One chamber of Switzerland’s parliament adopted a resolution in 2003 which stated that “the National Council recognizes the Armenian Genocide of 1915. It calls on the Swiss Government to take necessary action and relay its position through the usual diplomatic channels” despite Swiss government’s opposition at the time. Thus, when Doğu Perinçek publicly announced that the Armenian Genocide was an “international lie” during various conferences in Switzerland in 2005, Armenian Diaspora filed complaints against him depending on the aforementioned bill adopted in 2003. As a result he was found guilty of “racial discrimination” in accordance with the Swiss Criminal Code on the grounds that his motives were of a racist tendency. Furthermore, his appeals were rejected by the Criminal Cassation Division of the Vaud Cantonal Court and later by the Federal Court on December 2007. Perinçek then brought his case before the European Court of Human Rights on the grounds that in accordance with the Article 10 of the European Convention of Human Rights, Swiss courts breached his freedom of expression. ECHR announced its decision regarding the Perincek v. Switzerland case on 17th of December 2013. The case concerned his criminal conviction for publicly questioning the Armenian genocide allegations. We will be analyzing some of the major points at this decision and then share our views on the future implications as well as presenting an overall evaluation and the meaning of the decision.

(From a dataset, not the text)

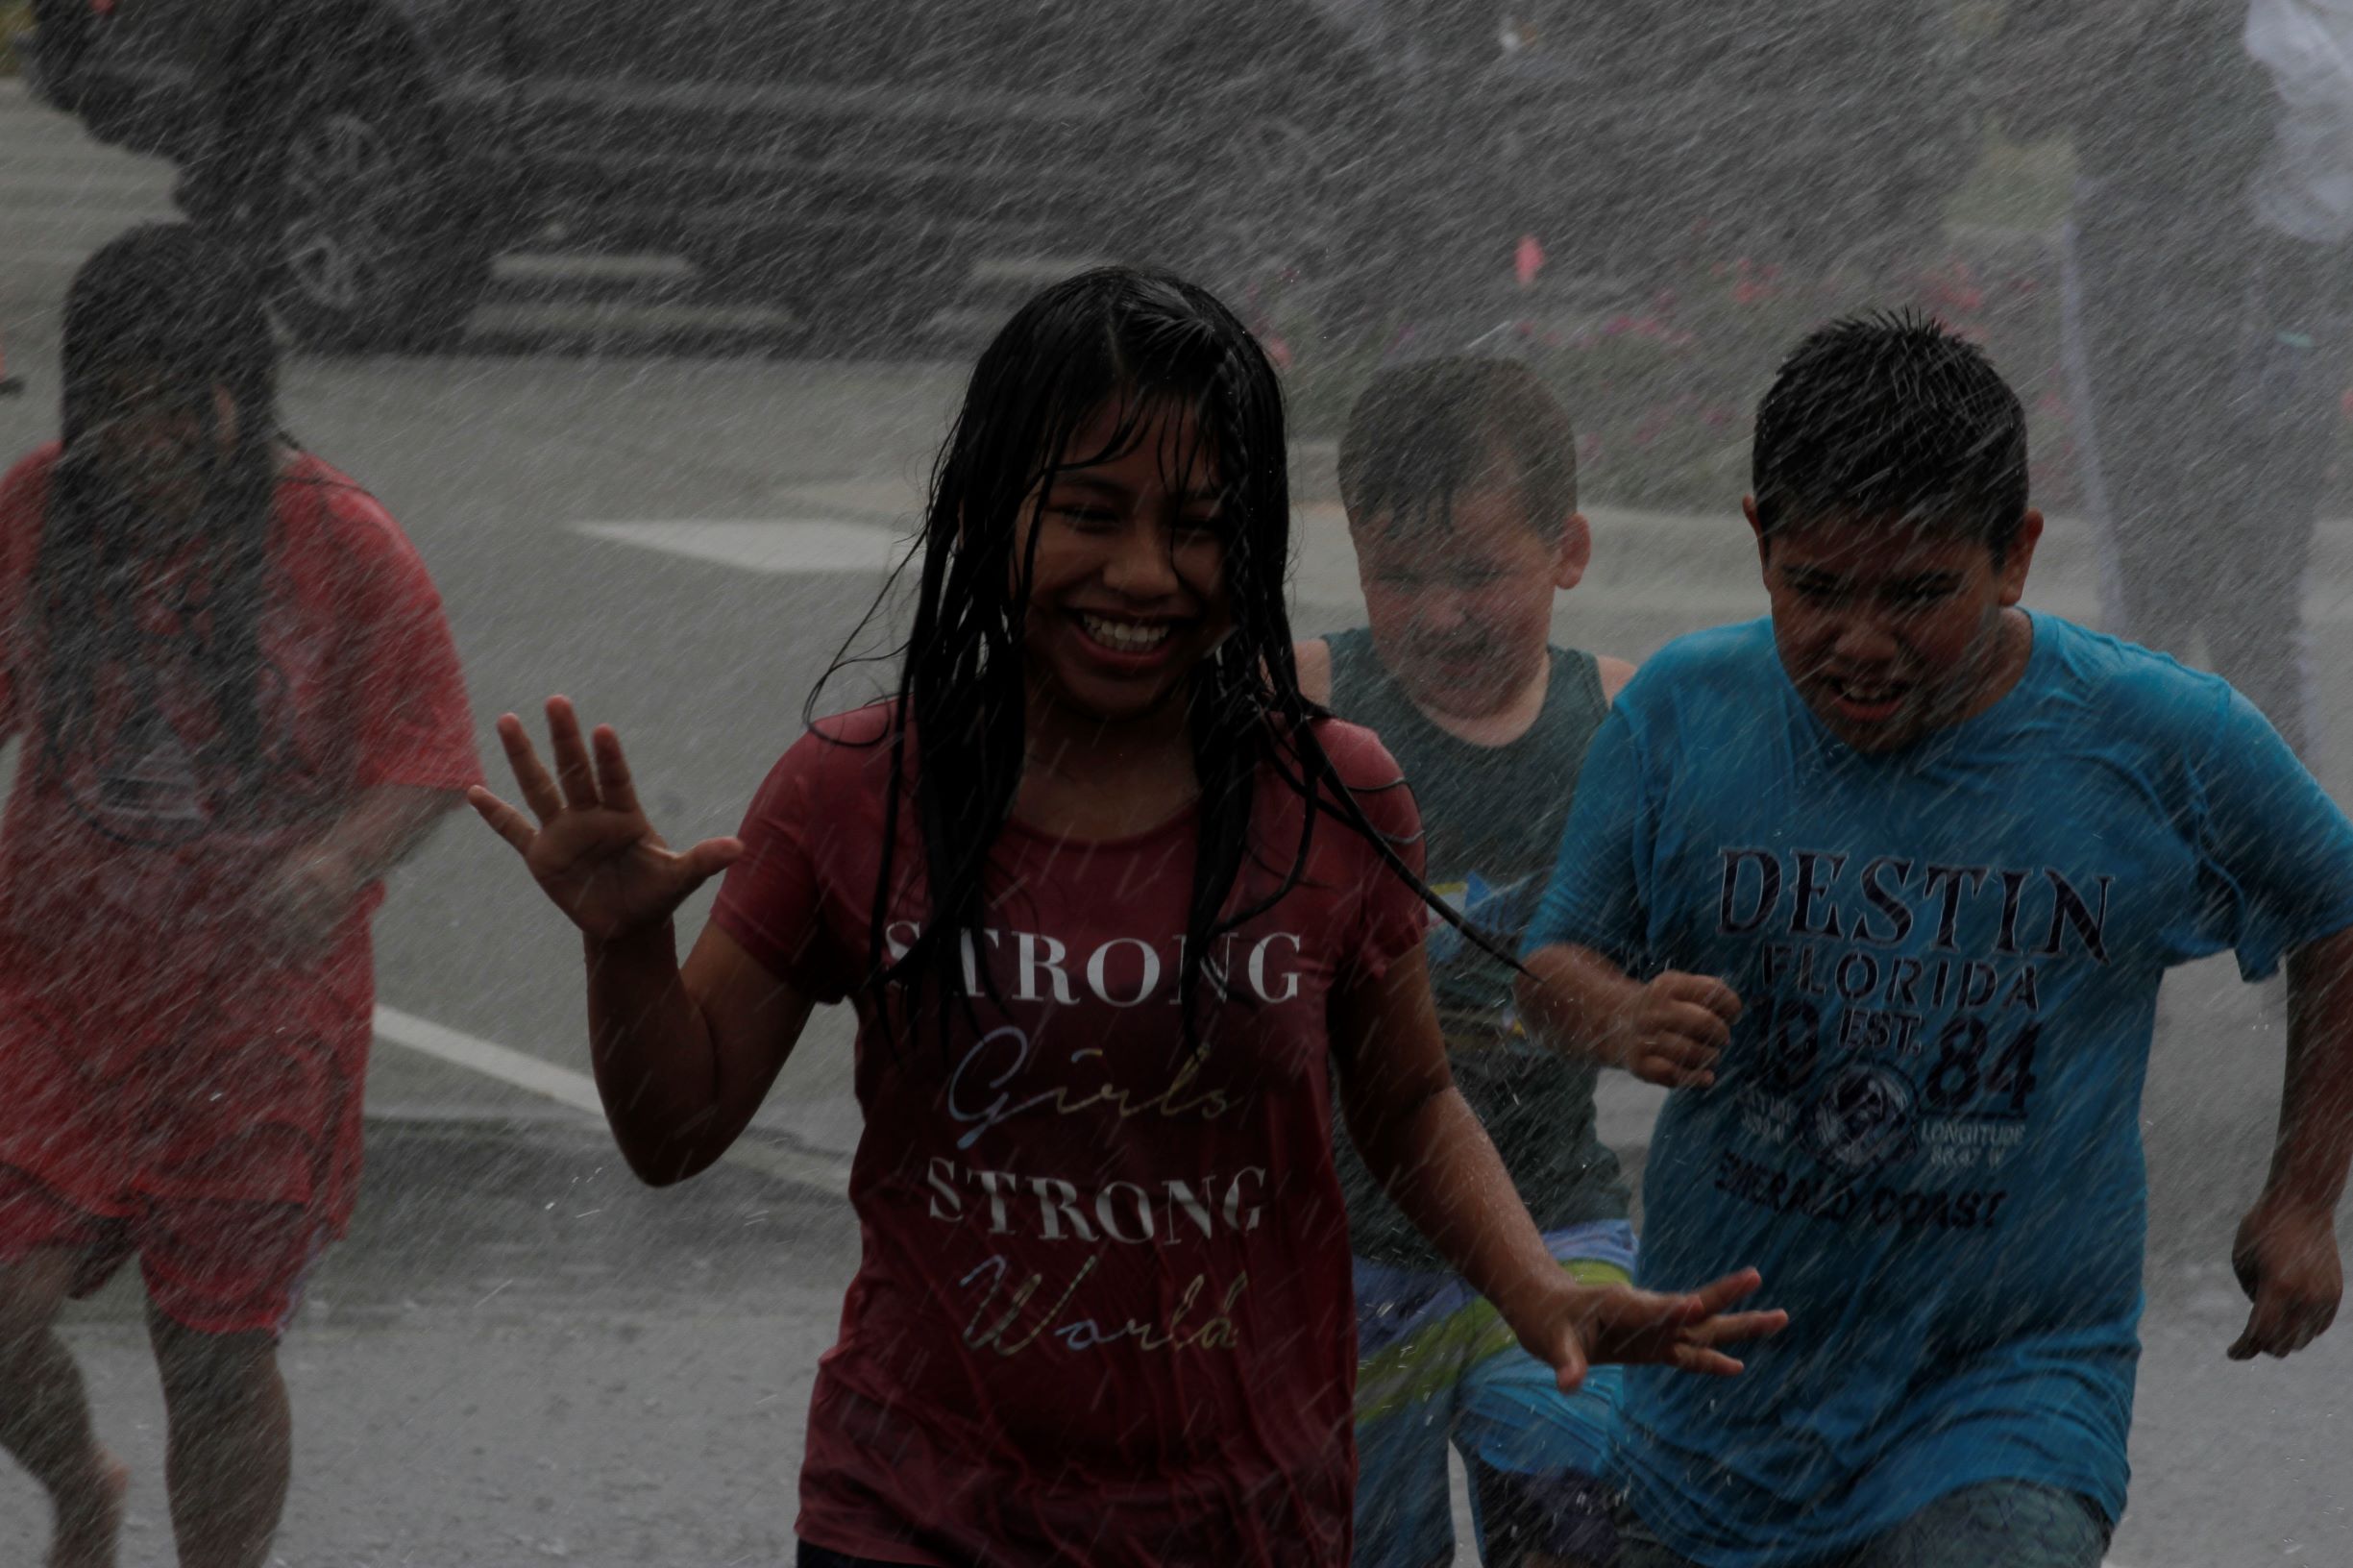 Sprinkler Fun Day Brings Relief From The Heat; Cooler Wetter Weather Ahead [Photo Gallery]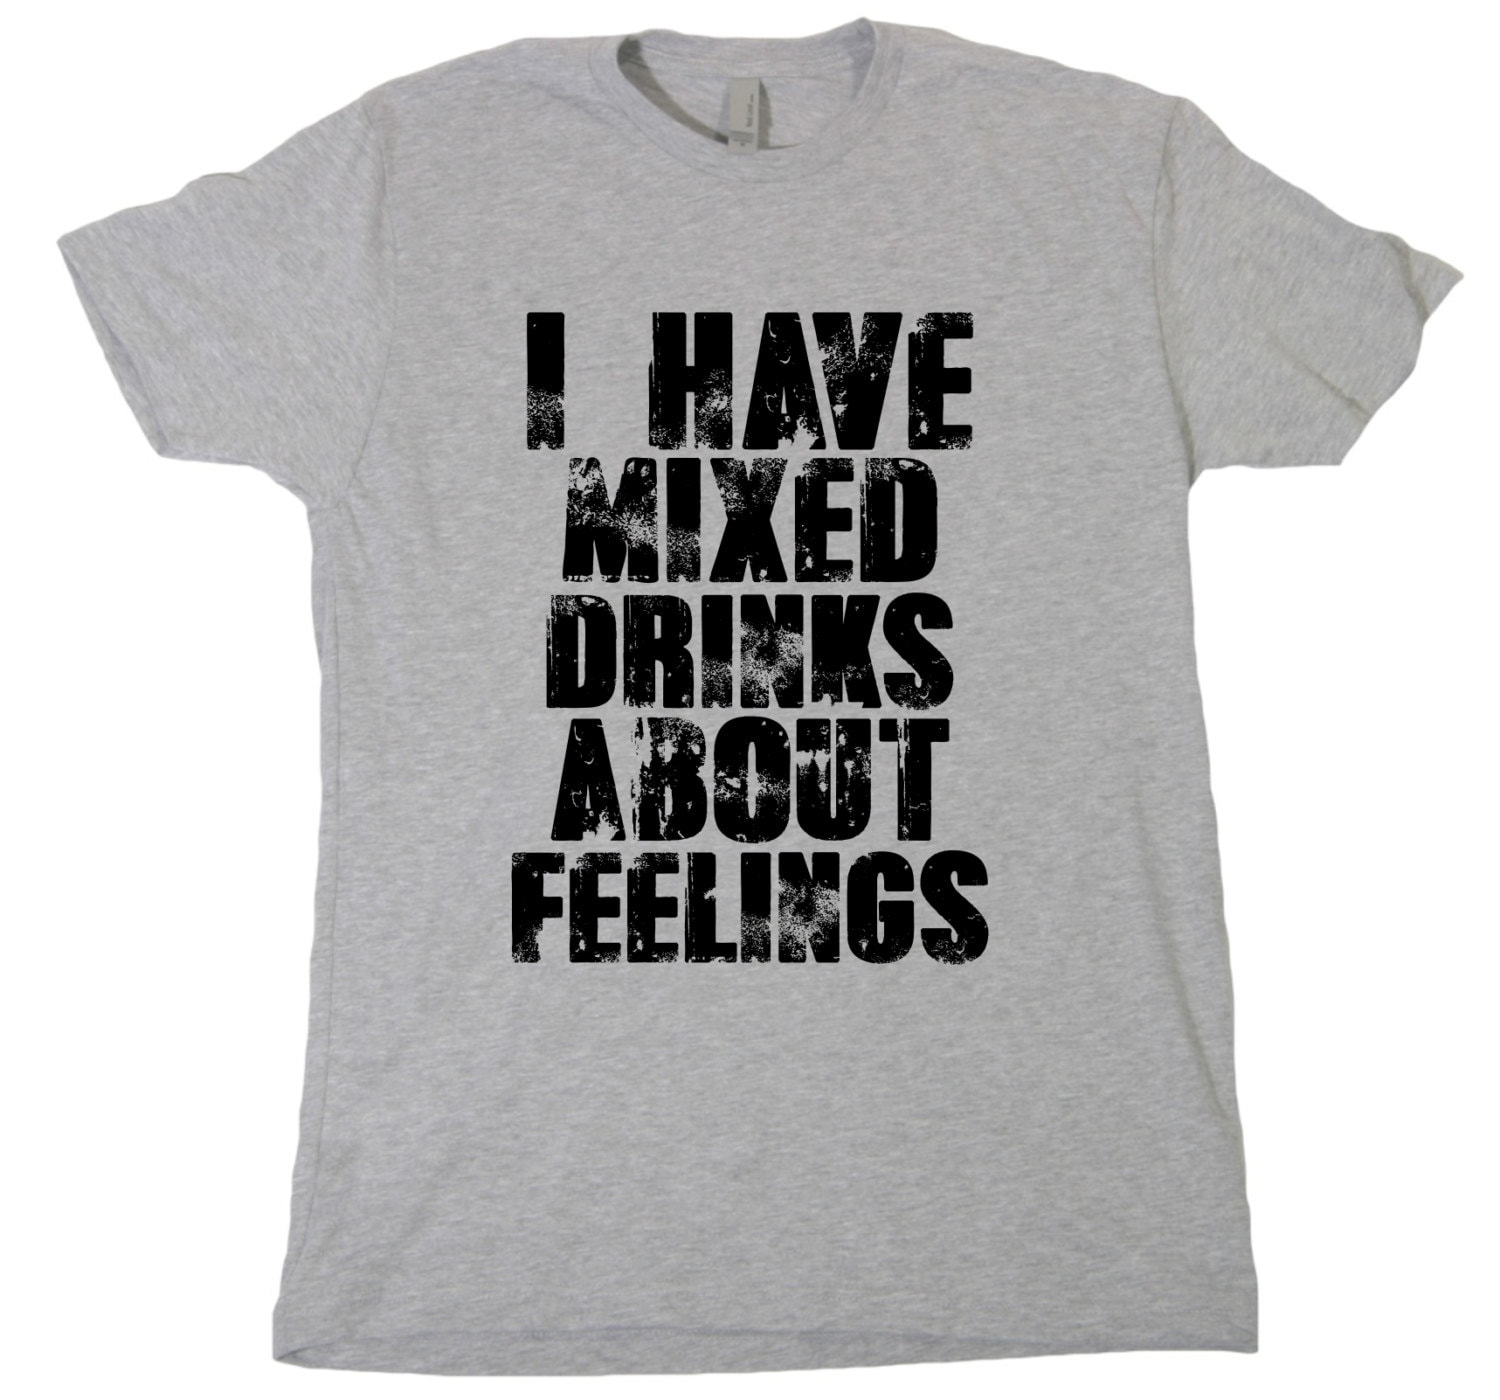 I Have Mixed Drinks About Feelings Tshirt Funny Humor Shirt

The result of the case was as expected, that the case would result in his favor, that the Swiss courts had breached his freedom of expression under the Article 10 of the ECHR, and despite the possibility of indicating some reservations on the “hurtful” character of his statements, the decision would be that these statements are within the freedom of expression as defined in the ECHR. Moreover, it was expected that, the Court would be unwilling to get intermingled in any discussion on the Armenian genocide allegations, but rather limit its decision within the limits of the freedom of expression as defined in the Article 10. i
Court ruled in favor of Doğu Perinçek and stated that the Swiss courts violated the Article 10 of the ECHR. Moreover the decision establishes some very important legal precedents for the future possible attempts regarding the Armenian genocide allegations by the Diaspora and Armenia.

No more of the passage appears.